I watched a youtube video today on making a baby rattle. The turner put paste wax on his sandpaper while finishing. Does anyone do this with wood pens? What is the purpose? Thanks to the info.


----------



## SerenityWoodWorks (Jan 1, 2013)

I use an old 12000 MM pad to apply the first coat of EEE. For one it holds the wax nicely, 2..It increases the buffing power and 3..well I just like the way it ends up. Is it the right way? the only way? well of course not..ask 10 pen makers how they finish and you will get 15 different answers.


----------



## MarkD (Jan 1, 2013)

I recently saw a video where a guy used a combination of paste wax and mineral oil when he sanded on the lathe. He said he used it to minimize the sanding dust. It left a satin finish. I don't think you would want to use this method if you want to apply a finish afterwards.

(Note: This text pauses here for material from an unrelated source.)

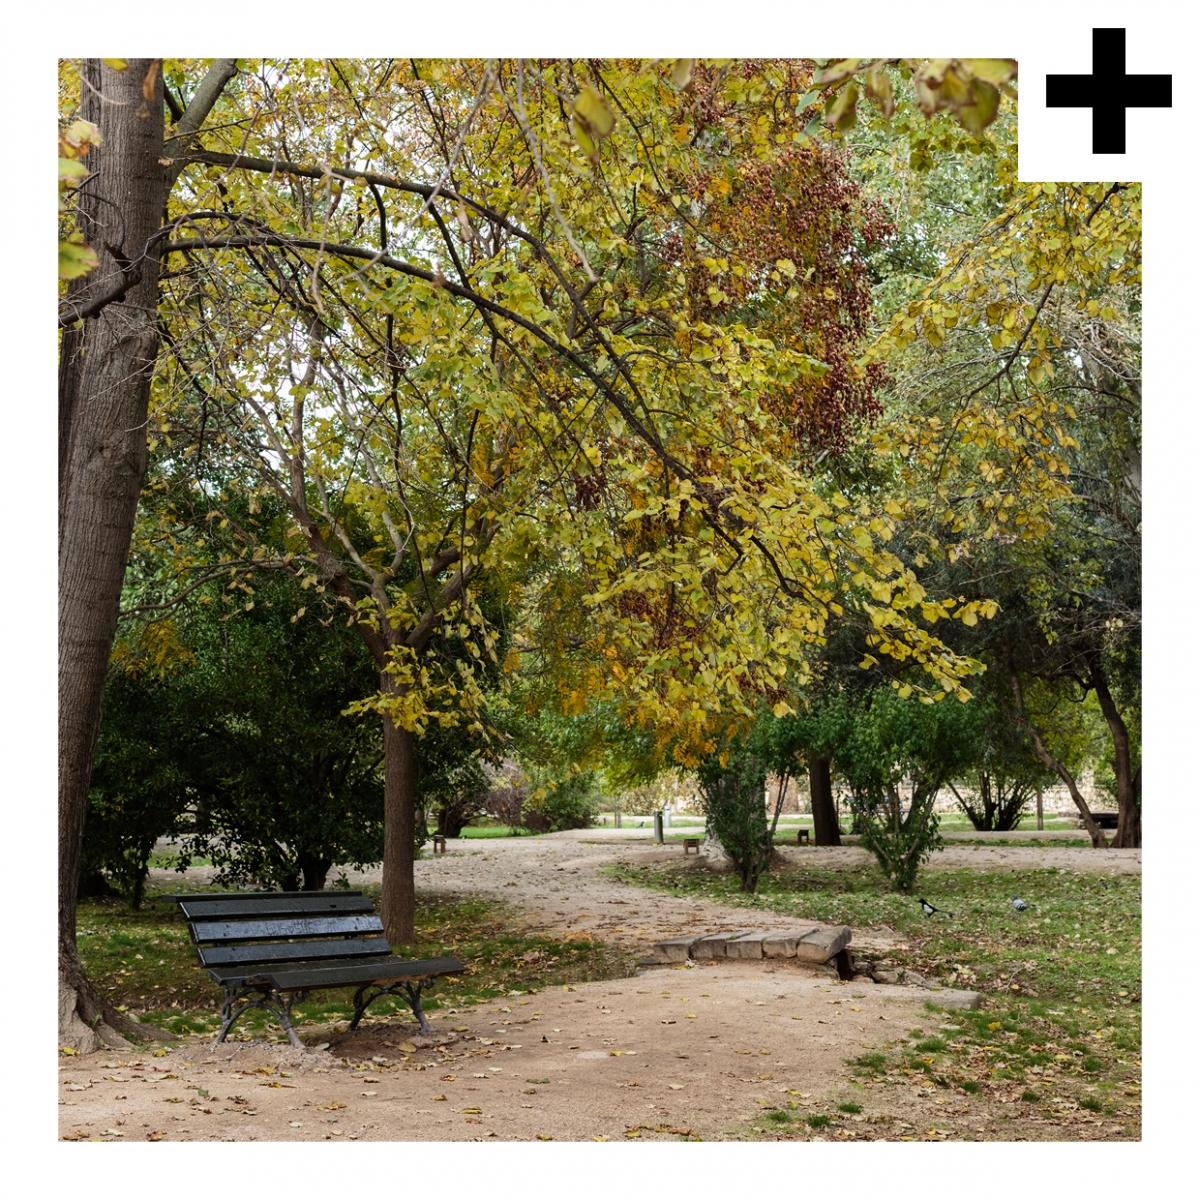 Imagen en la que se ve el plural del concepto parque

I just found a web page that describes how to make the wax/mineral oil sanding wax.
http://eddiecastelin.com/yahoo_site_admin/assets/docs/SandingWax.54184013.pdf


----------



## jeff (Jan 1, 2013)

MarkD said:


> I recently saw a video where a guy used a combination of paste wax and mineral oil when he sanded on the lathe. He said he used it to minimize the sanding dust. It left a satin finish. I don't think you would want to use this method if you want to apply a finish afterwards.
> 
> I just found a web page that describes how to make the wax/mineral oil sanding wax.
> http://eddiecastelin.com/yahoo_site_admin/assets/docs/SandingWax.54184013.pdf



Probably Carl Jacobson 
Carl Jacobson - YouTube

He does some interesting turning.


----------



## keithkarl2007 (Jan 1, 2013)

When I took a bowl turning course with Glenn Lucas we finished our bowls by coating them generously with walnut oil and then sanded them. It is a way of keeping dust down but also helps to keep the blank from overheating when sanding. Yew for example is very prone to heat checks from over sanding. It could be another cause for blanks like Ebony and Snakewood cracking. Everyone has mentioned before to keep the heat down when boring the blanks but might not realise sanding creates the same heat generation.
For pens you could wet sand the blanks with BLO to keep heat to a minimum and the fine slurry created will also fill porous grained woods like Oak and Wenge


----------



## Emery (Jan 1, 2013)

jeff said:


> MarkD said:
> 
> 
> > I recently saw a video where a guy used a combination of paste wax and mineral oil when he sanded on the lathe. He said he used it to minimize the sanding dust. It left a satin finish. I don't think you would want to use this method if you want to apply a finish afterwards.
> ...



Yes it was Carl Jacobson.


----------



## Hexhead (Jan 1, 2013)

And also helps the sandpaper from clogging up.


----------